As the four readers of this esteemed blog will know, i’m always one to follow a trend. Of late, the trend has been for faster fatter tyres. In days of yore, there were two certainties to cycling and the ageing process: gear sizes would shrink, whilst tyre width would expand. Maybe there’s a metaphor for life in there somewhere.
Some years ago i took the plunge and opted for a 25mm tyre in winter. It felt like a bold step, sacrificing speed for comfort, pace for grip. In practice, I didn’t seem to make much difference; 2mm is not that noticeable. This winter I went big, busting out some 28mm rubber on both winter bikes. (n+1 applies to winter bikes as a genre). As a result, i’ve enjoyed an armchair ride, with low tyre pressures and a spongy experience. I can’t say I’ve enjoyed it. After years of feeling every undulation in the road surface, the sense of float takes some getting used to.
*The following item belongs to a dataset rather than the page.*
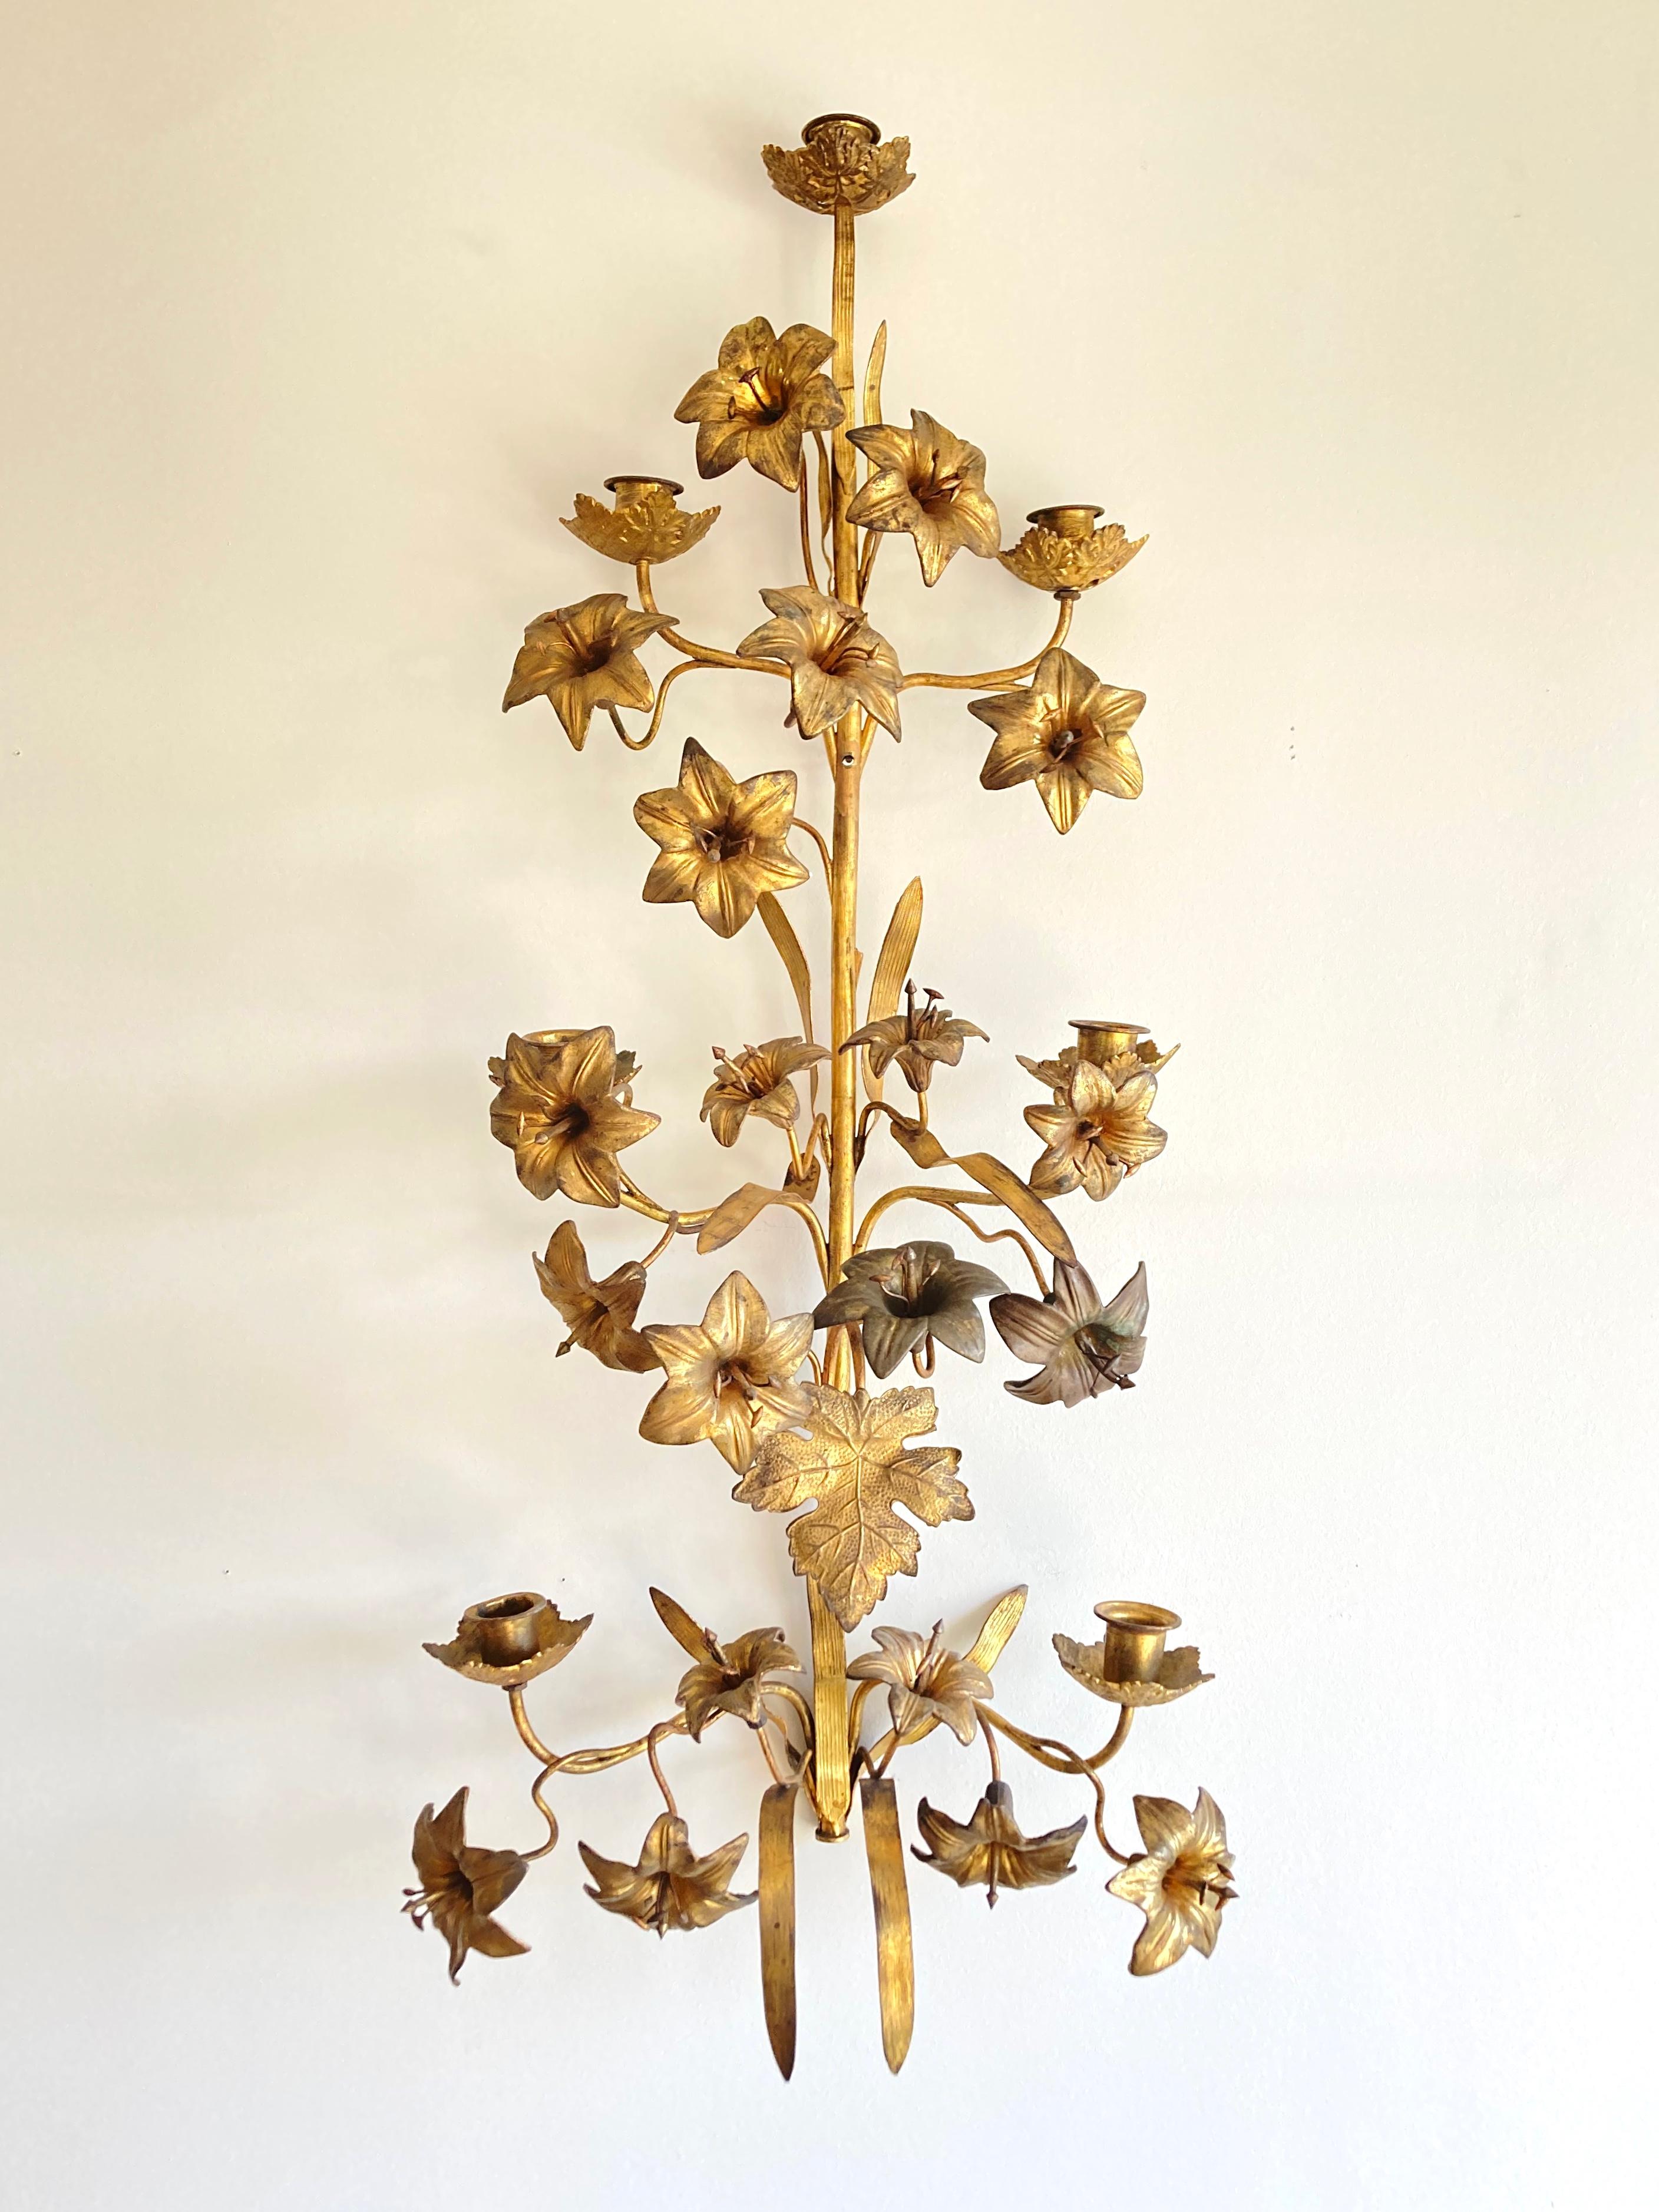 A very decorative, authentic French Napoleon III church wall sconce, also called harvest candelabra. This is an unusual, large wall sconce model made for 7 candles. Made of brass and gilded metal it dates from the late 19th century. It feature 20

Allegedly, 25mm+ is the current choice of the peloton, for all sorts of pseudo-scientific, lab-tested reasons. The arguments are unproven and the lab rarely translates into real-world performance. It seems as though there is no real change in what was previously suspected; if you want comfort, go big, if you want a bit of zing, go narrow. What I do know is that the vittoria rubino pro tech 28s i’ve been using are flabby and particularly big, making it difficult to get them under the mudguard. They limit gear changes on a fixed wheel because you have no tolerance for moving the wheel in, and with tight mudguard clearances comes a host of irritating problems: wheel rub, noises, filth and clag, the lot. More that that, this particular set of tyres have cut up extremely quickly; from having no punctures at all for years and years, i’ve had three in short succession on about 700 miles of use, one of which needed a boot to cope with the slashed sidewall. the rubino pro techs are now in the bin.
In short, it’s back to the 25mm maximum for me and a nagging sense that the trend for bigger tyres and wider profile rims is entirely down to the bike industry’s constant need to sell us new things. Watch out for the next big thing: narrow tyres.